Civilian deaths in Gaza are falling as Israel begins a tactical shift from mass bombardment to lower-intensity counterterrorism. The debate on whether that should have happened sooner is valid and doubtless will rage on.
But let’s keep cause and effect straight. It’s not Israel that keeps plunging the Middle East into round after round of depraved violence, it’s Iran and its network of affiliated terrorists.
Hamas is still raining missiles on Israel, which also just lost 21 troops in the fighting in Gaza. If its armed forces fail to destroy or severely degrade Hamas’s terrorist infrastructure, it won’t be long before Hamas resumes its bloodthirsty attacks on Israeli civilians. And Palestinians can expect Hamas to use them as human shields again, knowing that world opinion will demand that Israel put a higher value on civilian lives than Hamas does.

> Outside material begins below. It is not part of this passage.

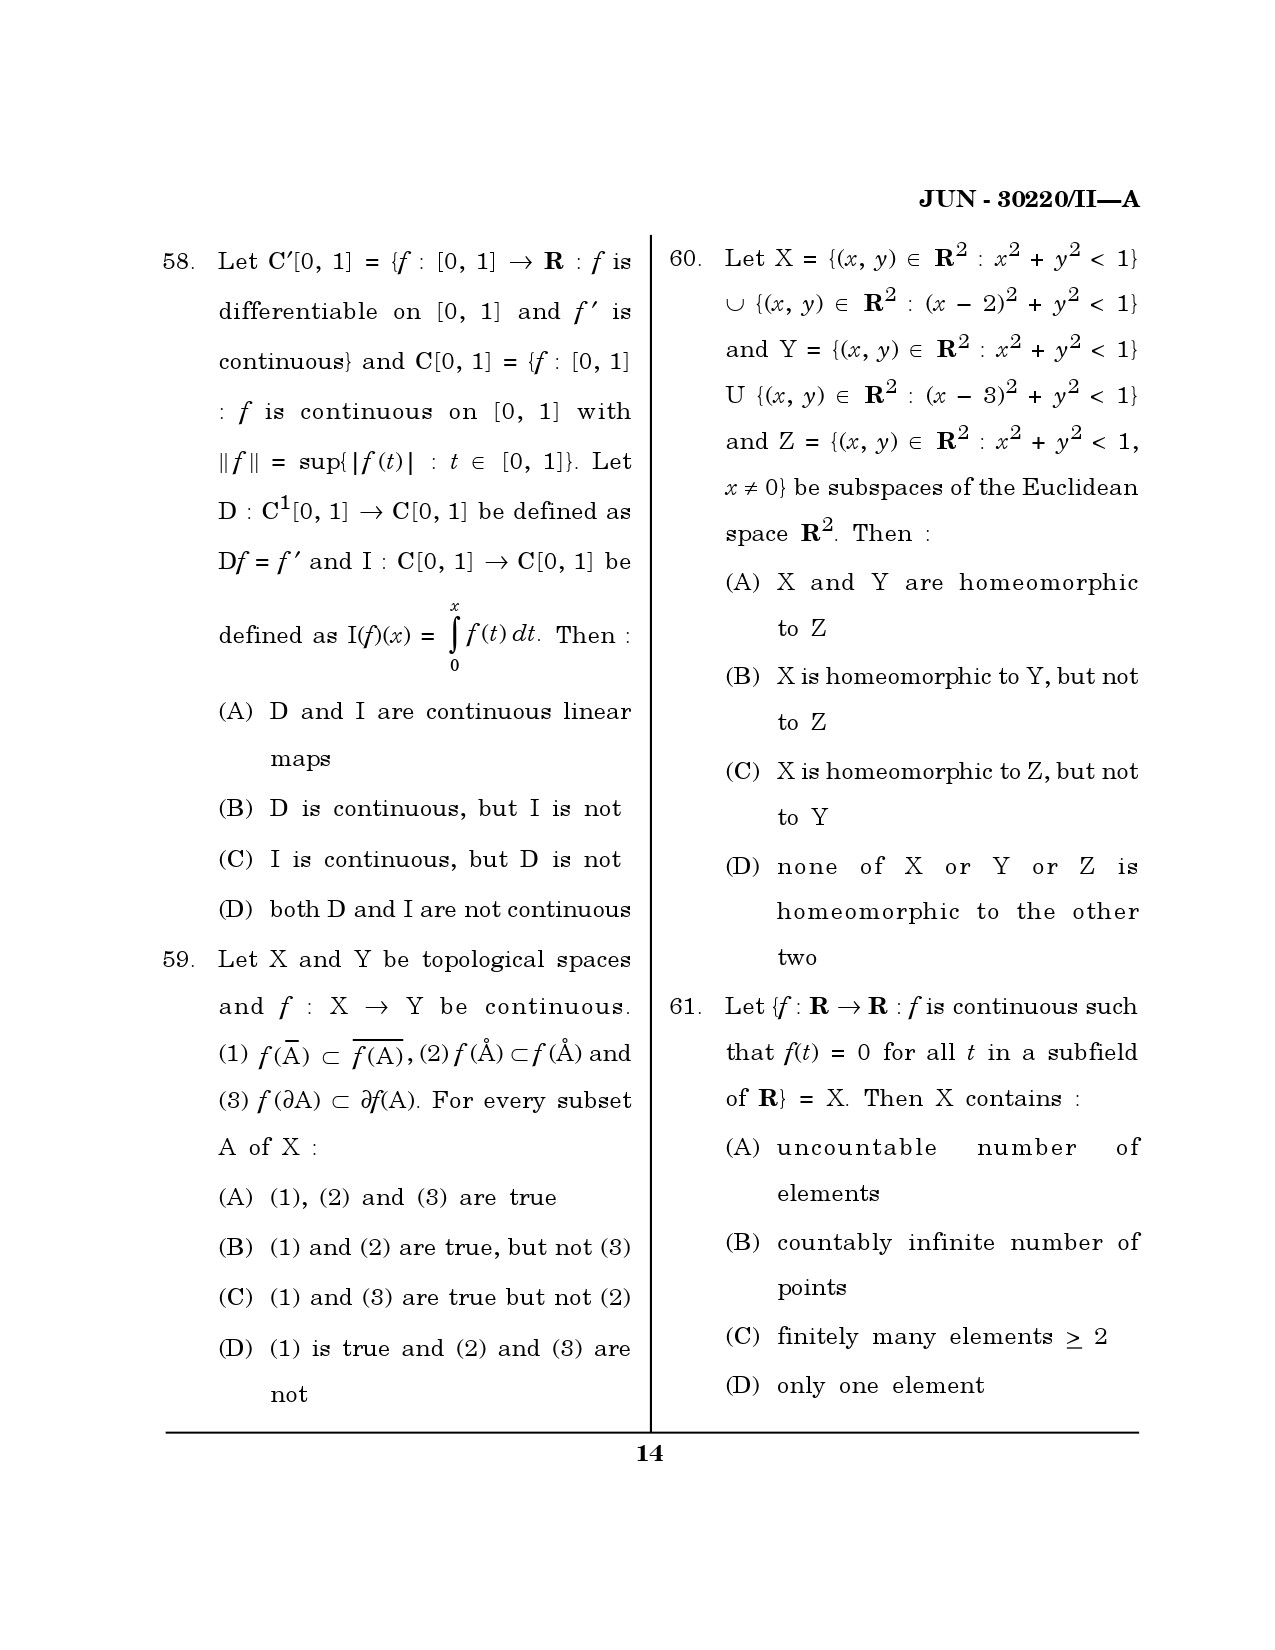 Maharashtra SET Mathematical Sciences Question Paper II June 2020 13

Israeli forces are also bracing for large-scale operations against Hezbollah, whose rocket attacks have forced the evacuation of northern Israel. Surrounded on all sides by terrorists equipped and sanctified by religious fanatics in Tehran, Israel is fighting for its life.
Its enemies loathe America too, and they are testing our resolve and stamina to stand by our beleaguered friend and ally, despite its present government’s grievous shortcomings. Unlike his critics, President Biden is passing that test.
Will Marshall is the founder and president of the Progressive Policy Institute.